After his three months' stay in Beirut and 71 years of exile from Iran he returned to uphold the revolution and aid Ayatullah Khomeini in establishment of the Islamic Republic. A few months after triumph of Islamic Revolution, he arrived back in Qom for teaching Quran and Jurisprudence. His lectures were wholly based on the Quran, uninfluenced by view points of any scholar except in the case there is no contradiction with the Quran.

He has about 110 works on various subjects. His main Quranic work is an exegesis titled Tafsir Alforqan (in three volumes). Ayatullah Allama Tabataba'i.e., the most famous exegete of Quran wrote a commendation for it saying: "This exegesis is our glory and honour."

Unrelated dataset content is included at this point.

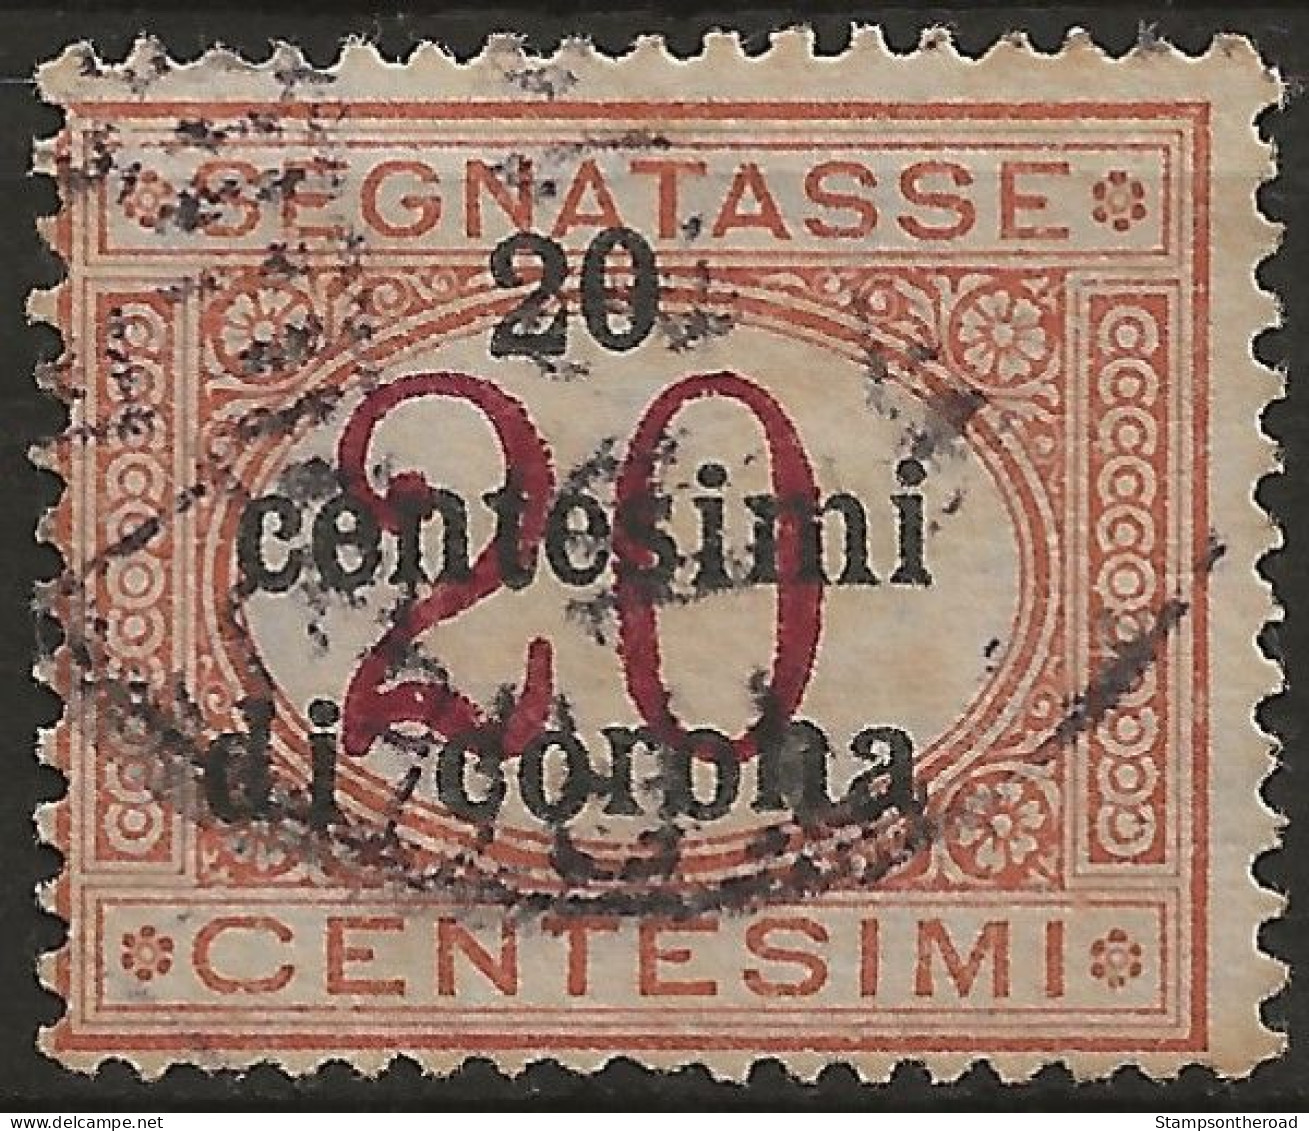 TRTTSx3U6,1919 Terre Redente - Trento E Trieste, Sassone Nr. 3, Segnatasse Usato Per Posta °/ - Trento & Trieste

He also published critique books on the Bible such as Aqaidona (our beliefs), Al - Moqarinat, and Rasool - ul - Islam.

He was an authority in all fields of Islamic studies such as Exegesis, Jurisprudence, and Philosophy.

He issued 45 verdicts which are in contrast with popular opinions of Shi'as and Sunnis, (Most of his unique verdicts are collected in a book titled Tabsiratul - Fuqaha).

He finished teaching two terms of Jurisprudence with the centrality of Quran for the first time in Islamic Jurisprudence that its second term has lasted six years and the third term with the title of "A Comparative Study of Religions and Sects in the light of Quran & Sunna".

Also, a full course of Quranic jurisprudence in all subjects of Islamic jurisprudence has been recorded.

He made vigorous criticisms of the prevailing philosophy in the Islamic seminaries and beliefs that the main foundations of philosophy are inconsistent with the Quran and Sunna. Moreover, he challenged Western and Eastern philosophers in a book titled Talks between Monotheists and Materialists.